Realidad virtual en hernia discal y cirugía de columna: qué aporta la inmersiva y qué la semi inmersiva
En la hernia discal, y todavía más cuando ya hay material implantado, el problema clínico rara vez es la falta de ejercicios disponibles. Es conseguir que el paciente se mueva con una dosis suficiente pese al dolor y al miedo, y sostenerlo semana tras semana. Ahí es donde los entornos virtuales tienen algo que decir, y conviene saber cuál elegir en cada momento.
Por el equipo de Rehametrics · Lectura de 13 min · Actualizado en 2026
Qué hace difícil el abordaje de la hernia discal
Buena parte de las hernias lumbares mejoran con tratamiento conservador, y no solo en la clínica: también en la imagen. Una revisión narrativa publicada en NeuroSci (2026;7(2):30) resume que entre la mitad y dos tercios de las hernias muestran al menos una reducción parcial en resonancias sucesivas durante el tratamiento conservador, y que la probabilidad depende bastante del tipo: los fragmentos secuestrados regresan con más frecuencia que las protrusiones contenidas.
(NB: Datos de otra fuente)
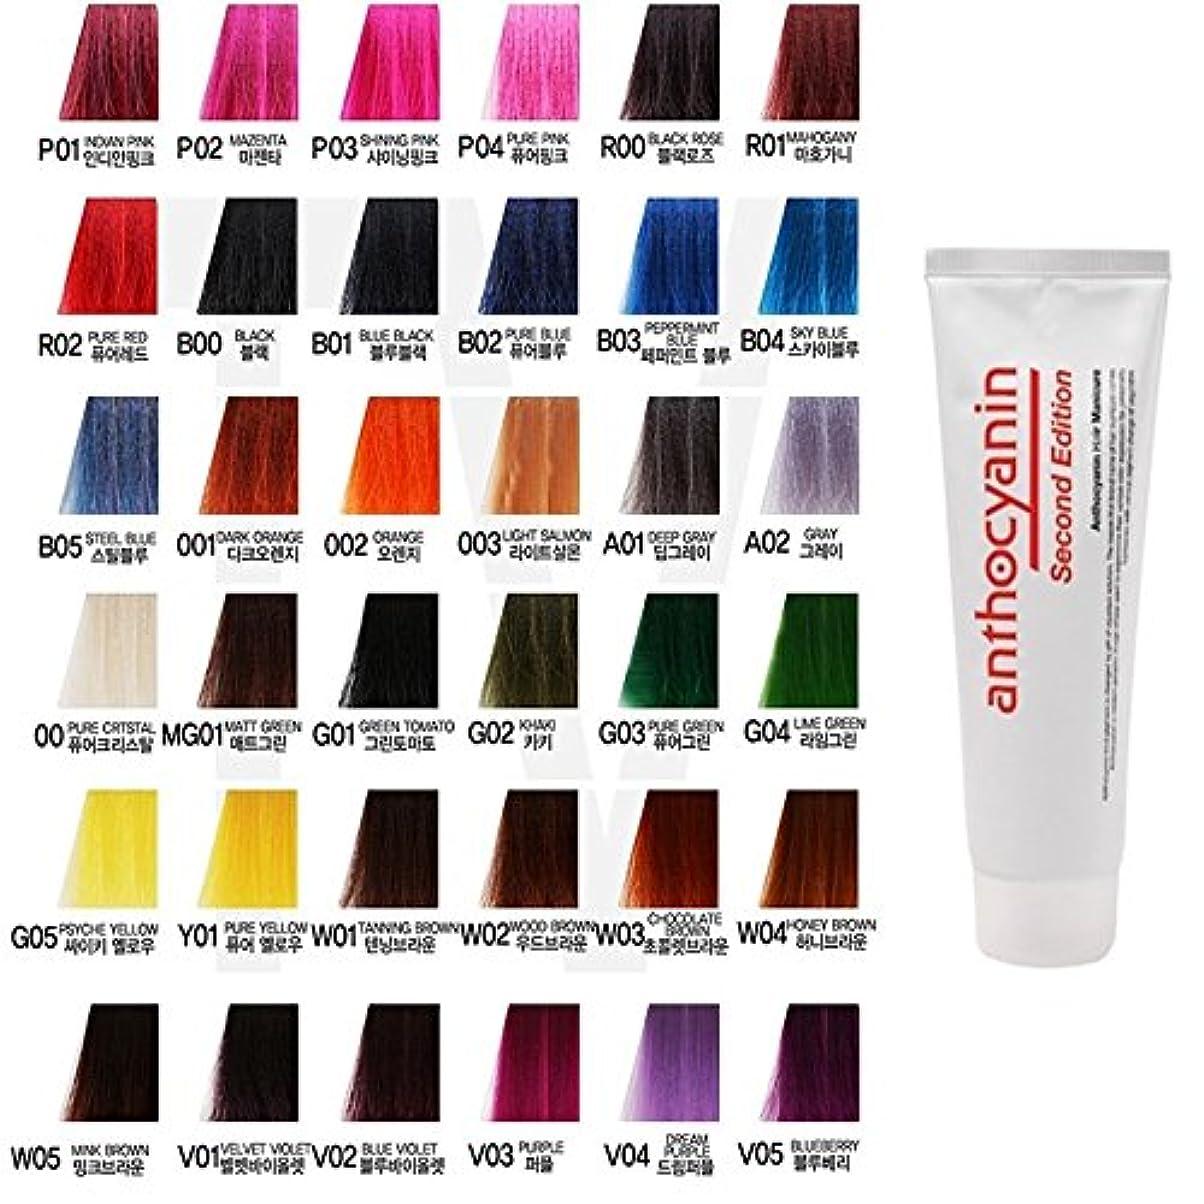 指定する槍十ヘア マニキュア カラー セカンド エディション 230g セミ パーマネント 染毛剤 ( Hair Manicure Color Second Edition 230g Semi Permanent Hair Dye) [並行輸入品] (A01 Deep Gray)

Son cifras de estudios observacionales, con la heterogeneidad que eso implica, pero apuntan en una dirección que conviene tener presente al plantear el plan.
La dificultad clínica, entonces, no suele estar en el pronóstico. Está en el tramo intermedio: semanas o meses en los que el paciente tiene dolor, a veces irradiado, y en los que el objetivo es que siga moviéndose con una dosis útil. Y ahí se acumulan tres problemas que cualquiera que trate columna reconoce.
- El miedo al movimiento. Un diagnóstico con la palabra "hernia" y una resonancia con imágenes llamativas empujan a la protección. El paciente reduce la flexión, evita coger peso y deja de hacer cosas que sí podría hacer.
- La dosis real que se completa. Entre lo que se pauta y lo que el paciente ejecuta en casa hay una distancia conocida, y en columna se agranda cuando cada repetición cuesta.
- La falta de referencias visibles de avance. Si la única vara de medir es el dolor de ese día, cualquier jornada mala se interpreta como retroceso.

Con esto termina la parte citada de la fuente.